Xander and Jameson were sitting on opposite sides of the courtyard, ignoring one another. Jameson was in shock over the events of the last few days, especially the violence and death. She understood it, but he needed to be shaken out of his shell.
And Xander? Well, Xander was being Xander.
“Xander, want to wash this fruit? It’s not much, but this and the mushrooms I found will keep our stomachs from rumbling too much.”
“Of course. Hand them over.”
“Jameson, there’s a well out in the gardens. Want to bring me some more water? I can make a cold soup with the last of the MREs to stretch them out a bit.”
“Sounds delightful.” He grimaced.
She handed him a canteen. “You know how to work a well?”
He nodded. “We had one on Tander’s World. Pretty low-tech.”

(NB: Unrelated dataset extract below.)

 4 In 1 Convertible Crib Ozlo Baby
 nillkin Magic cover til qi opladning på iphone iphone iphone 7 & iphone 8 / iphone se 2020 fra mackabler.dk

She waited until both of them were busy with their preparations, and then emptied the last two meals, both
chunky soups, into a pot. She slipped in a few drops of pith, stirring them into the mixture, and hid away the phial by the time Jameson returned. She was careful with the dosage; too much, and she might end up with a couple pith-addled addicts on her hands.
“Here you go.” He handed her the canteen and returned to his end of the courtyard.
Xander watched him go, surreptitiously, but said nothing.
Quince smiled. Bit by bit.
In a few more minutes, everything was ready, and the motley group sat down to the meal. She poured each of the boys a helping of the stew.
“Don’t you want some?” Jameson asked, sniffing it. “It’s cold, but it doesn’t seem too bad.” He took a cautious sip.
“You two will need your strength for the next few days. Morgan and I will manage on mushrooms and fruit.”
Xander nodded appreciatively at her use of the boy’s name. Morgan himself didn’t seem to mind what he ate, devouring whatever she put in front of him.
Jameson flexed his golden brown wings unconsciously. They were growing quickly now, almost two thirds the expanse of Xander’s black ones. He seemed to be getting used to them too, little by little.
“Have to test those out tomorrow.” Quince pointed at his wings.
“Test them out?” His face was blank. “Oh, you mean try to fly? Oh no. I’m nowhere near ready to try that. Thanks, but no thanks.”
“You’d rather walk a thousand kilometers?”
“To where?” Xander’s eyes were intent on her.
“To Gaelan, your family’s ancestral home,” she told Xander. “It’s time for the two of you to make an appearance.”
“I guess I can try it,” Jameson conceded, flexing his wings. “But nothing too high.”
“Once you know how to use them, we have to be on our way. We’ve wasted enough time already.”
“Are things really that dire?” Jameson asked.
“You saw the shuttle crash in the Red Sands. You tell me.”